What you are asked to do: All of the data is to be repeated verbatim.

Exercise material:

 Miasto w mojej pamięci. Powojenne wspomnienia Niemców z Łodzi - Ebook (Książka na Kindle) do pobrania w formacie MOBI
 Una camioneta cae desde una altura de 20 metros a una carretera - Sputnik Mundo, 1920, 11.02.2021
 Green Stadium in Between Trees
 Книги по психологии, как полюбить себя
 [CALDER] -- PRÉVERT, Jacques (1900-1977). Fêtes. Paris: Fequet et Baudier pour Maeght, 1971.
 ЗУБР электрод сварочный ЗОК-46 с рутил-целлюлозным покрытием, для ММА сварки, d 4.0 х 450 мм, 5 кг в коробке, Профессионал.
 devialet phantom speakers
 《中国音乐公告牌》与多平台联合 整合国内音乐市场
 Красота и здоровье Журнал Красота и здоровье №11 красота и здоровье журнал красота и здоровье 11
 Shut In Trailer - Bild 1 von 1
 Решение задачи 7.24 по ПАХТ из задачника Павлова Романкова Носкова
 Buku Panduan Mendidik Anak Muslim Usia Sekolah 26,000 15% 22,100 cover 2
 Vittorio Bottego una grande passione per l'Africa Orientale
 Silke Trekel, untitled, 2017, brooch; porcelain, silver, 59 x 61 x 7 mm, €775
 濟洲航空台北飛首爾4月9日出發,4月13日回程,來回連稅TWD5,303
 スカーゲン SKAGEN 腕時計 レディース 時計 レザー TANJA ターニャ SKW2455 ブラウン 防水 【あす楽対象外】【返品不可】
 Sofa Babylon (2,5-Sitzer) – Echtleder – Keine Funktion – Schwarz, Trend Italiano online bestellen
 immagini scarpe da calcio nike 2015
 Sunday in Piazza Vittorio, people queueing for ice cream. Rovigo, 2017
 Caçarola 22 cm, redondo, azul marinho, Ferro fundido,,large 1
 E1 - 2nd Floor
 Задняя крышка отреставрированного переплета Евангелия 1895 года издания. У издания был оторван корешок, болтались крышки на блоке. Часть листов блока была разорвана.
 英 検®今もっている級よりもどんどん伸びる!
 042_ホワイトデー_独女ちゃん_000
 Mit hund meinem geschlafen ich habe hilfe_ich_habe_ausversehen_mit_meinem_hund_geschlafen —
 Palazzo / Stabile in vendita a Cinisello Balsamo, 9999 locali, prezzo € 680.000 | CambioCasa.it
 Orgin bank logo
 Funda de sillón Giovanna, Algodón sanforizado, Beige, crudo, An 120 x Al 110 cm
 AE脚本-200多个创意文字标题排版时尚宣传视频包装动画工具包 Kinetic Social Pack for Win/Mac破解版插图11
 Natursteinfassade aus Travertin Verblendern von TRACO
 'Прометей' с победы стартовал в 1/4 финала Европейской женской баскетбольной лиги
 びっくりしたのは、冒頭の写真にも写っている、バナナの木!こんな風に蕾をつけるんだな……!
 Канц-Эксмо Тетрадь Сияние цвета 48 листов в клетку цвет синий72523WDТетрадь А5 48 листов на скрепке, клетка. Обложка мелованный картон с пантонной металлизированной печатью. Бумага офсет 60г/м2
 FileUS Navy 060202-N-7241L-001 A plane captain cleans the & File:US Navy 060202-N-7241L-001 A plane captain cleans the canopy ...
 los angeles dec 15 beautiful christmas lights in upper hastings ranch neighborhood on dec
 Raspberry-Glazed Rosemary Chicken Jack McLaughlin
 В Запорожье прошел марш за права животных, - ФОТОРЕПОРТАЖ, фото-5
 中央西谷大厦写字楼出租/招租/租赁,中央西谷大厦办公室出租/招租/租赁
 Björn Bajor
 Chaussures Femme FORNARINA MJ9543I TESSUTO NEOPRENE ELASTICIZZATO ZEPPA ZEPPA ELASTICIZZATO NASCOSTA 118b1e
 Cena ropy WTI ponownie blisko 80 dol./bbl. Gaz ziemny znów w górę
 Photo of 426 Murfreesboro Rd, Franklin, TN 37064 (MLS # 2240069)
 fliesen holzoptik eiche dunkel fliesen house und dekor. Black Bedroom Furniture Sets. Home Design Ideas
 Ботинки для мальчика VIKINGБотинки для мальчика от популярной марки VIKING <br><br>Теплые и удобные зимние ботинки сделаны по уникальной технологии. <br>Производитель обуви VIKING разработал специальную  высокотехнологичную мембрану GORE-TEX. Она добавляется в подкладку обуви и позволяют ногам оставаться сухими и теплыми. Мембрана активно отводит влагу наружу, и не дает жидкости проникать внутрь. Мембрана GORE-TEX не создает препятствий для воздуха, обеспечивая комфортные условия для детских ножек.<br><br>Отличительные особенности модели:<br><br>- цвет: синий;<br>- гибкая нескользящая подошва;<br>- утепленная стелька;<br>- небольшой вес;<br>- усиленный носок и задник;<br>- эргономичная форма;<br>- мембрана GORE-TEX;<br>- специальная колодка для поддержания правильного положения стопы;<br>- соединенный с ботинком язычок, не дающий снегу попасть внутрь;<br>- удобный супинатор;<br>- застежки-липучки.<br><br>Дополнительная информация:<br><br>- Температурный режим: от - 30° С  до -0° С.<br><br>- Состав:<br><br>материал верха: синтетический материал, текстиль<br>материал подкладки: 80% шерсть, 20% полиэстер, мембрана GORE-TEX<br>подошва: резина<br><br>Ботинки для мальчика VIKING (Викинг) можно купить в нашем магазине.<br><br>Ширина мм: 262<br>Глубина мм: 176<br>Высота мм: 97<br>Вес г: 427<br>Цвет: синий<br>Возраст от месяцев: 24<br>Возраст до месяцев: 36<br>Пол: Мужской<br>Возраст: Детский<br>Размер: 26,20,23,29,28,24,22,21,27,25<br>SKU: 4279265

Solution for this exercise:
 Miasto w mojej pamięci. Powojenne wspomnienia Niemców z Łodzi - Ebook (Książka na Kindle) do pobrania w formacie MOBI
 Una camioneta cae desde una altura de 20 metros a una carretera - Sputnik Mundo, 1920, 11.02.2021
 Green Stadium in Between Trees
 Книги по психологии, как полюбить себя
 [CALDER] -- PRÉVERT, Jacques (1900-1977). Fêtes. Paris: Fequet et Baudier pour Maeght, 1971.
 ЗУБР электрод сварочный ЗОК-46 с рутил-целлюлозным покрытием, для ММА сварки, d 4.0 х 450 мм, 5 кг в коробке, Профессионал.
 devialet phantom speakers
 《中国音乐公告牌》与多平台联合 整合国内音乐市场
 Красота и здоровье Журнал Красота и здоровье №11 красота и здоровье журнал красота и здоровье 11
 Shut In Trailer - Bild 1 von 1
 Решение задачи 7.24 по ПАХТ из задачника Павлова Романкова Носкова
 Buku Panduan Mendidik Anak Muslim Usia Sekolah 26,000 15% 22,100 cover 2
 Vittorio Bottego una grande passione per l'Africa Orientale
 Silke Trekel, untitled, 2017, brooch; porcelain, silver, 59 x 61 x 7 mm, €775
 濟洲航空台北飛首爾4月9日出發,4月13日回程,來回連稅TWD5,303
 スカーゲン SKAGEN 腕時計 レディース 時計 レザー TANJA ターニャ SKW2455 ブラウン 防水 【あす楽対象外】【返品不可】
 Sofa Babylon (2,5-Sitzer) – Echtleder – Keine Funktion – Schwarz, Trend Italiano online bestellen
 immagini scarpe da calcio nike 2015
 Sunday in Piazza Vittorio, people queueing for ice cream. Rovigo, 2017
 Caçarola 22 cm, redondo, azul marinho, Ferro fundido,,large 1
 E1 - 2nd Floor
 Задняя крышка отреставрированного переплета Евангелия 1895 года издания. У издания был оторван корешок, болтались крышки на блоке. Часть листов блока была разорвана.
 英 検®今もっている級よりもどんどん伸びる!
 042_ホワイトデー_独女ちゃん_000
 Mit hund meinem geschlafen ich habe hilfe_ich_habe_ausversehen_mit_meinem_hund_geschlafen —
 Palazzo / Stabile in vendita a Cinisello Balsamo, 9999 locali, prezzo € 680.000 | CambioCasa.it
 Orgin bank logo
 Funda de sillón Giovanna, Algodón sanforizado, Beige, crudo, An 120 x Al 110 cm
 AE脚本-200多个创意文字标题排版时尚宣传视频包装动画工具包 Kinetic Social Pack for Win/Mac破解版插图11
 Natursteinfassade aus Travertin Verblendern von TRACO
 'Прометей' с победы стартовал в 1/4 финала Европейской женской баскетбольной лиги
 びっくりしたのは、冒頭の写真にも写っている、バナナの木!こんな風に蕾をつけるんだな……!
 Канц-Эксмо Тетрадь Сияние цвета 48 листов в клетку цвет синий72523WDТетрадь А5 48 листов на скрепке, клетка. Обложка мелованный картон с пантонной металлизированной печатью. Бумага офсет 60г/м2
 FileUS Navy 060202-N-7241L-001 A plane captain cleans the & File:US Navy 060202-N-7241L-001 A plane captain cleans the canopy ...
 los angeles dec 15 beautiful christmas lights in upper hastings ranch neighborhood on dec
 Raspberry-Glazed Rosemary Chicken Jack McLaughlin
 В Запорожье прошел марш за права животных, - ФОТОРЕПОРТАЖ, фото-5
 中央西谷大厦写字楼出租/招租/租赁,中央西谷大厦办公室出租/招租/租赁
 Björn Bajor
 Chaussures Femme FORNARINA MJ9543I TESSUTO NEOPRENE ELASTICIZZATO ZEPPA ZEPPA ELASTICIZZATO NASCOSTA 118b1e
 Cena ropy WTI ponownie blisko 80 dol./bbl. Gaz ziemny znów w górę
 Photo of 426 Murfreesboro Rd, Franklin, TN 37064 (MLS # 2240069)
 fliesen holzoptik eiche dunkel fliesen house und dekor. Black Bedroom Furniture Sets. Home Design Ideas
 Ботинки для мальчика VIKINGБотинки для мальчика от популярной марки VIKING <br><br>Теплые и удобные зимние ботинки сделаны по уникальной технологии. <br>Производитель обуви VIKING разработал специальную  высокотехнологичную мембрану GORE-TEX. Она добавляется в подкладку обуви и позволяют ногам оставаться сухими и теплыми. Мембрана активно отводит влагу наружу, и не дает жидкости проникать внутрь. Мембрана GORE-TEX не создает препятствий для воздуха, обеспечивая комфортные условия для детских ножек.<br><br>Отличительные особенности модели:<br><br>- цвет: синий;<br>- гибкая нескользящая подошва;<br>- утепленная стелька;<br>- небольшой вес;<br>- усиленный носок и задник;<br>- эргономичная форма;<br>- мембрана GORE-TEX;<br>- специальная колодка для поддержания правильного положения стопы;<br>- соединенный с ботинком язычок, не дающий снегу попасть внутрь;<br>- удобный супинатор;<br>- застежки-липучки.<br><br>Дополнительная информация:<br><br>- Температурный режим: от - 30° С  до -0° С.<br><br>- Состав:<br><br>материал верха: синтетический материал, текстиль<br>материал подкладки: 80% шерсть, 20% полиэстер, мембрана GORE-TEX<br>подошва: резина<br><br>Ботинки для мальчика VIKING (Викинг) можно купить в нашем магазине.<br><br>Ширина мм: 262<br>Глубина мм: 176<br>Высота мм: 97<br>Вес г: 427<br>Цвет: синий<br>Возраст от месяцев: 24<br>Возраст до месяцев: 36<br>Пол: Мужской<br>Возраст: Детский<br>Размер: 26,20,23,29,28,24,22,21,27,25<br>SKU: 4279265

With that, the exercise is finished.